Then I went to circus school and, as I expected would be happening sometime in the first few weeks, found myself really hating my past self for signing myself up for this. But I’m pretty sure that if I can tough it out for a few weeks of building muscle, future me will be very grateful to current me when she, like, grabs ahold of a rope, slithers up it without a care in the world, and poses gracefully.

Also future me will be generally happy at having a body that is in shape. I’ve had that in the past thanks to burlesque and pole dance; I kinda stumbled into it by utter accident and it turns out it’s really nice to be in shape. I never imagined. So yeah. Fuck you, past me. But you’re welcome, future me.

(I actually say things like that out loud sometimes. It may or may not help with making it easier to do stuff like ‘gruelling exercises’.)

I also got to stop on the way home to have a sandwich, and eat it in a waterfront park, looking out at the brightly-lit Ferris wheel and the gently twinkling lights of… I dunno, whatever the hell is across the sound from downtown. Bainbridge Island, judging from Google Maps. I like living in Seattle, it’s pretty when the sun’s not hiding for days on end.

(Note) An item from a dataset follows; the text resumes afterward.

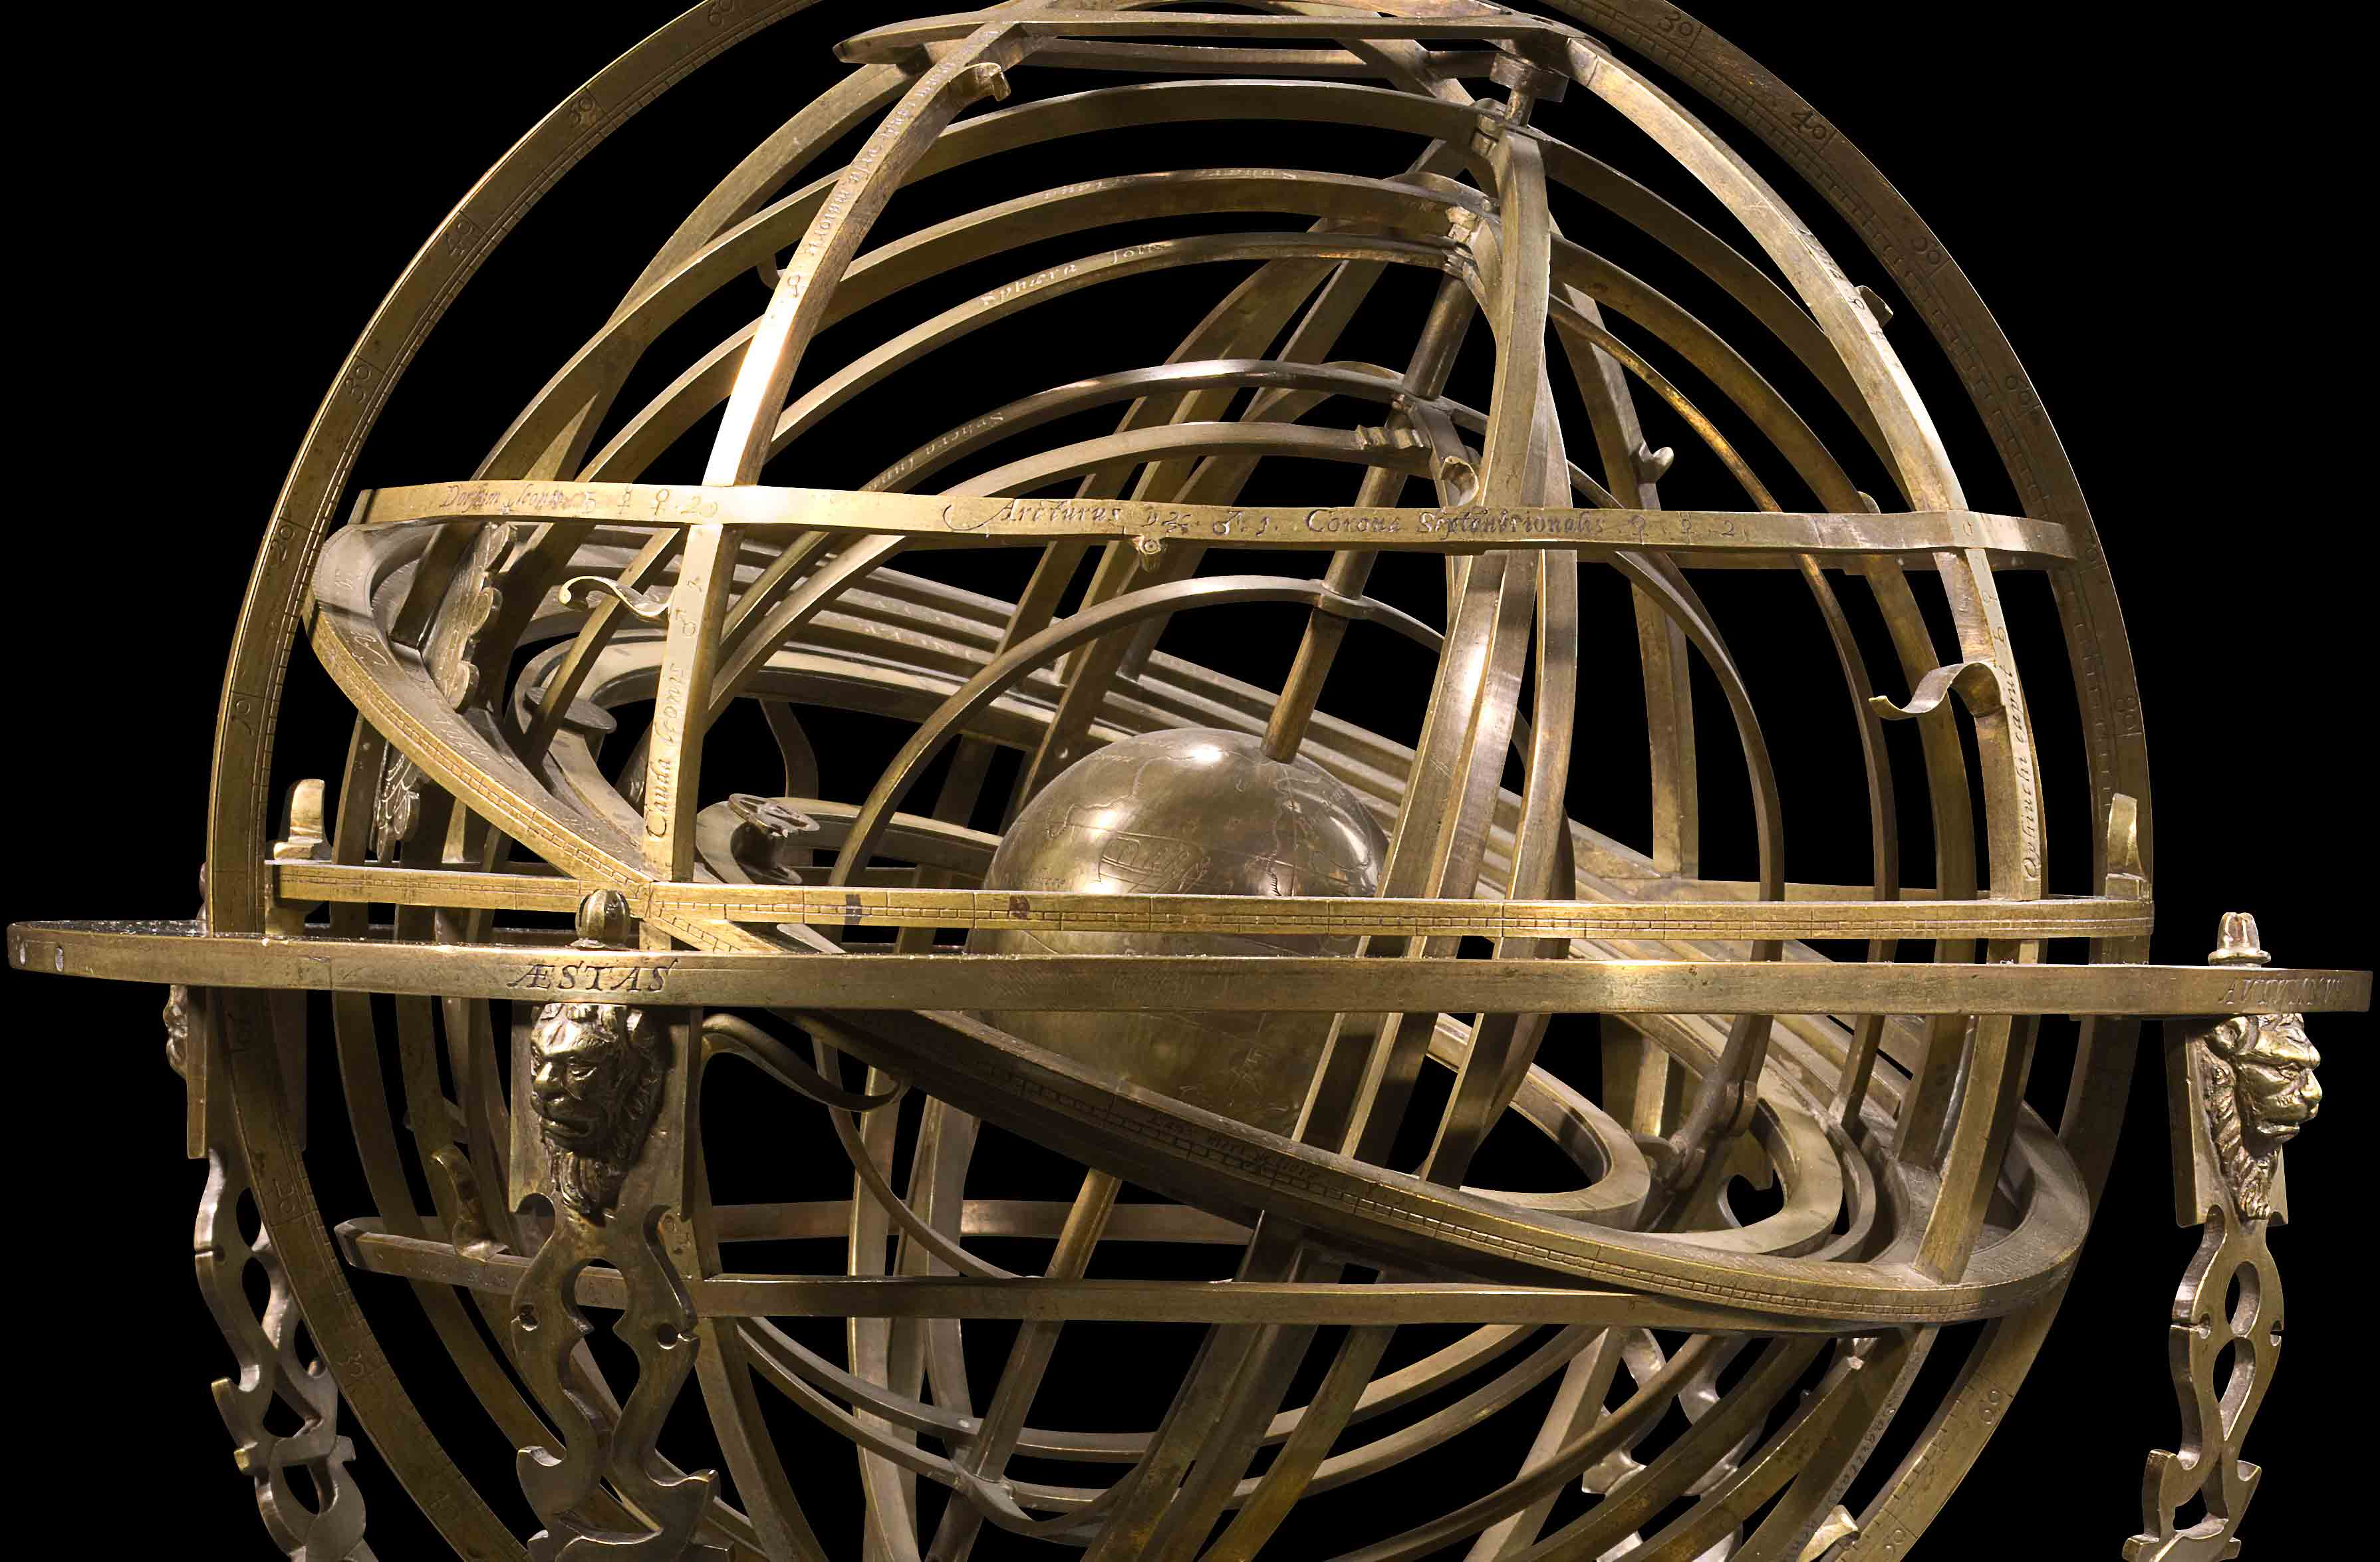 Een erg complex model van het hemel, uitgevoerd in messing. Centraal de aarde, daarrond vele ringen die de beweging van maan, zon en sterren voorstellen.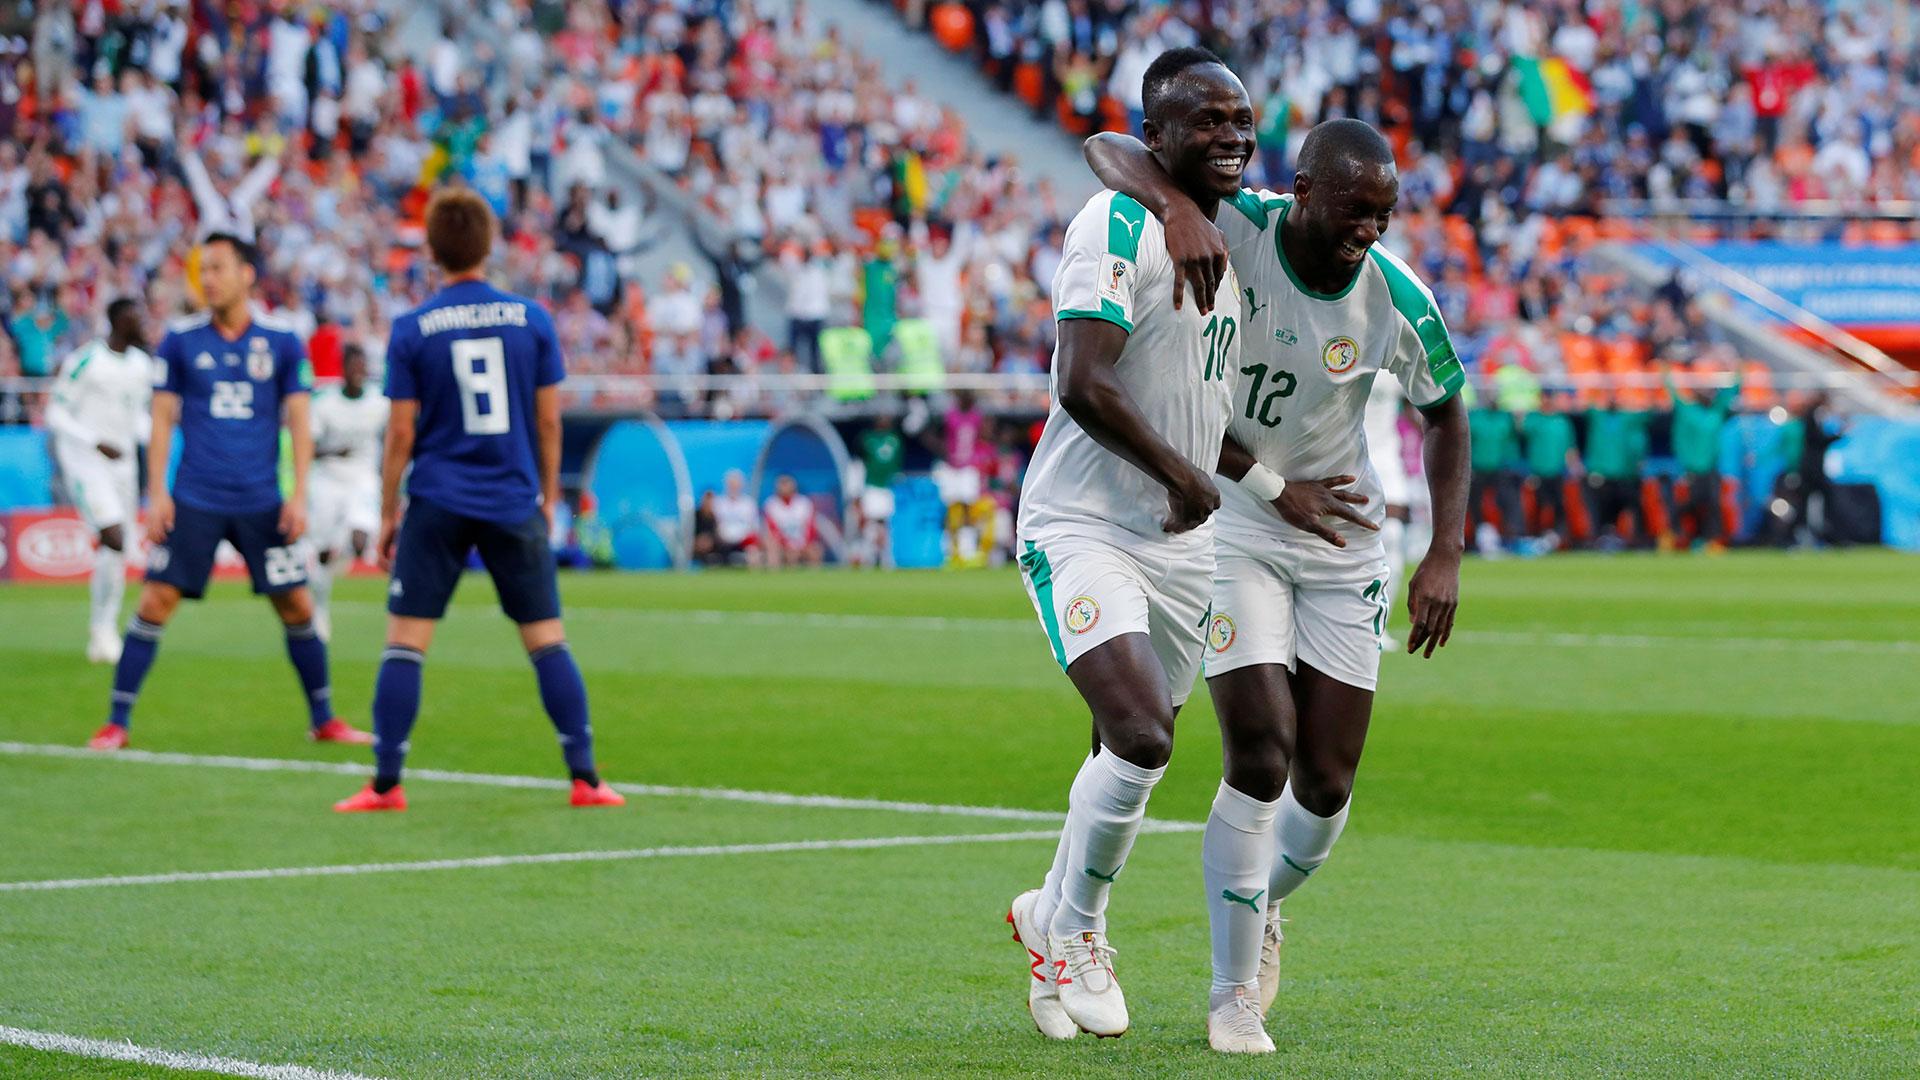 Sabaly abaraza a Mané en el primer gol de Senegal contra Japón (Reuters)

And I also played with the new version of that use-my-ipad-as-a-cintiq program I’m in the beta test for. I need to fiddle with it a little more and write up my reactions to its UI changes. Maybe tomorrow.

 

Big projects.

Some things I've learnt about doing large projects over the course of doing Rita.

  • Begin with an end in mind. It's very useful to have a narrative goal to be aiming for, and to have a point in the future where you are finished. Things may change, you may not arrive at that end from the direction you thought you would, you may come up with a better ending to aim for halfway through – but you're aiming somewhere instead of just flailing about aimlessly.
  • Don't stress about schedules, but don't abandon it. If you're at a point in your life where all you can dedicate to the Huge Project in one day is a half hour, that's still a half hour of work that you're closer to the end. Sure, four solid hours of work would be a lot better – but a half hour is still tons better than nothing. Working on Rita has been much easier ever since my official schedule became “aim for two pages a week, don't fret if life gets in the way”; it frees me from traps like spending the precious little energy I have during down phases on making a page whose entire purpose is to HAVE A PAGE UP ON SCHEDULE, even if it's just a drawing of a sad person apologizing for no page.
  • The easier it is to work on it wherever, the better. I'm told that Sergio Aragones draws his stuff on typing paper stuck to a clipboard; this means that he can work on an issue of Groo anywhere, even in a seat on a full airplane. I haven't reached that ideal quite yet, but I'm getting closer; much of Rita happens in my studio, but a lot of it also happens at coffee shops, in parks, even on the bus.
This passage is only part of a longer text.